The Repart PLA sample based on poly(D,L-lactic acid) demonstrated the most rapid degradation, with the M_w value decreasing by 5 times (from 100 to 18 kDa) over 6 months. After 9 months, it completely decomposed into low-molecular-weight water-soluble oligomers. For the porous particles of poly(D,L-lactic acid) in AestheFill, a delayed degradation effect was observed for up to 4 months, after which the process became much more intensive, and these microspheres almost completely degraded within 9 months. The Sculptra based on poly(L-lactic acid) exhibited the slowest degradation rate, with its molecular weight decreasing from 78 to 30 kDa over 9 months. The porous PLA microparticles of Gana V degraded faster than the non-porous Sculptra particles, with the weight-average molecular weight decreasing from 114 to 25 kDa over 9 months.

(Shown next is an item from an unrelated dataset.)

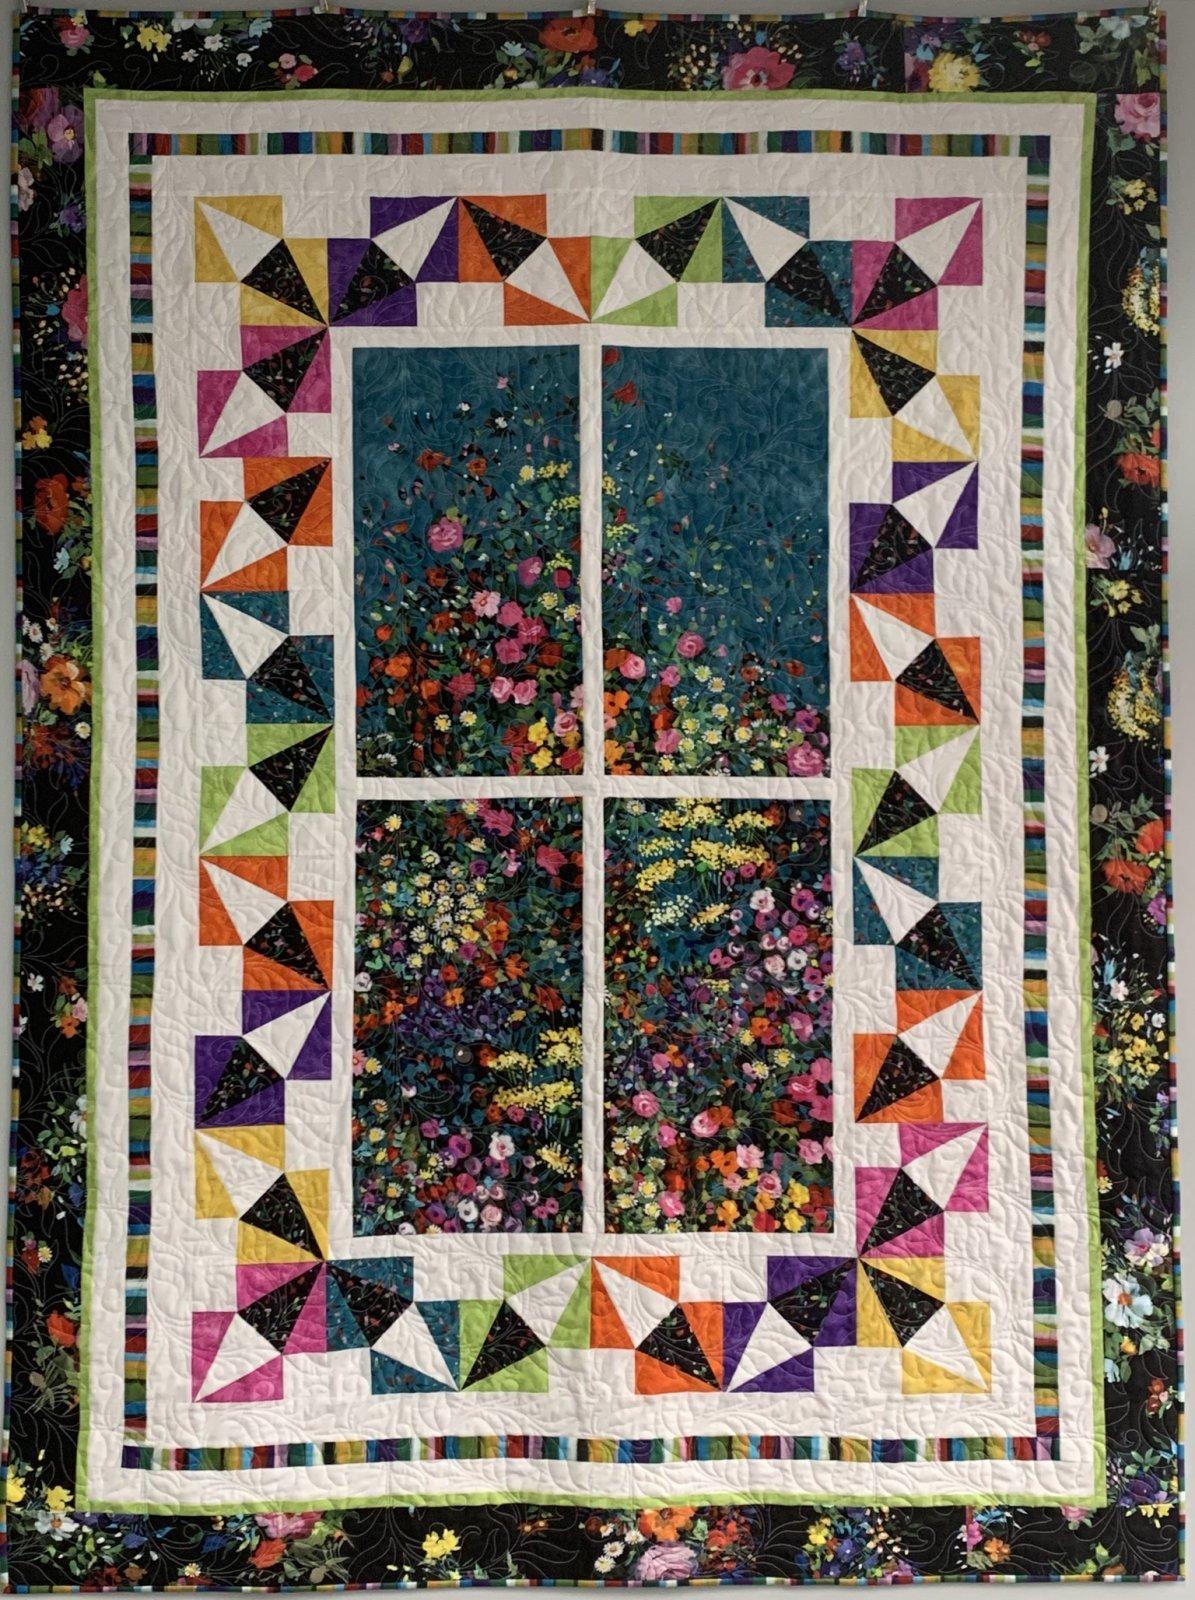 Garden View Quilt (53 x 71)

In general, the observed patterns correspond to the known data that poly(L-lactic acid) degrades slower than poly(D,L-lactic acid) [4]. It is necessary to consider that degradation kinetics are influenced by parameters such as the degree of polymer crystallinity, particle size [14], and porosity [15]. The presence of interconnected pores can slow down the degradation process due to the absence of an autocatalytic effect caused by the accumulation of acidic degradation products in the material.

The analysis of microparticles after 6 months of degradation using electron microscopy revealed that the Sculptra and Gana V samples based on poly(L-lactic acid) maintained their shape and size, while the morphology of AestheFill and Repart PLA fillers changed significantly (Figure 12). After 6 months, the AestheFill microparticles formed a continuous polymeric layer with pores and some spherical particles with a size of less than 5 μm (Figure 12a). The smooth spherical particles of the Repart PLA sample after 6 months of degradation shrank, and pores were formed on the surface and in bulk. This observation suggests the leaching of degradation products from the particle volume through the pores (Figure 12b,c).

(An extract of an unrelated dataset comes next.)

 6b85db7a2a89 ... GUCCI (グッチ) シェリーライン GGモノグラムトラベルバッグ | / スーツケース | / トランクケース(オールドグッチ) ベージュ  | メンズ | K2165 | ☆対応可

The hydrolytic degradation studies of microparticles revealed that, despite all the manufacturers claim an almost similar degradation period of around 2 years, the AestheFill and Repart PLA consisting of poly(D,L-lactic acid) demonstrated a much faster hydrolysis, with the period of total hydrolytic degradation estimated as 10–12 months. The process was accompanied by changes in the morphology of microspheres. Poly(L-lactic acid)-based fillers Sculptra and Gana V degraded slower with no changes in morphology after 9 months and a decrease in molecular weight to 25–30 kDa. The projected period for a complete resorption of these microparticles can be close to 2 years, as claimed in the manual. It is worth noting that the in vivo degradation profile can be affected by the presence of enzymes and other factors.

4. Conclusions

A comprehensive study was conducted on the physicochemical characteristics of polylactic acid microspheres in commercially available fillers from different manufacturers. It was found that in Sculptra and Gana V fillers, the microspheres consist of semi-crystalline poly(L-lactic acid) and exhibit different morphologies with average sizes of 52 μm and 42 μm, respectively. The microspheres in Repart PLA and AestheFill consist of amorphous poly(D,L-lactic acid) and have the same average diameter of 28 μm. However, Repart PLA microspheres are smooth and spherical with no visible pores, while AestheFill microspheres are spherical, have a large surface area, and exhibit high porosity. The differences in physicochemical characteristics of the microspheres are reflected in the kinetics of hydrolytic degradation at 37 °C. The degradation rate increases in the following order: Sculptra, Gana V, AestheFill, Repart PLA. After 9 months, microspheres based on amorphous poly(D,L-lactic acid) in AestheFill and Repart PLA fillers have almost completely degraded, while for Sculptra and Gana V samples based on poly(L-lactic acid), the reduction in molecular weight over the same period was 62% and 78%, respectively.

The results of the present research in combination with further biological studies may pave the way for understanding the effect of these characteristics on tissue response and the synthesis of de novo collagen, as well as the development of new-generation dermal fillers with improved safety and efficacy.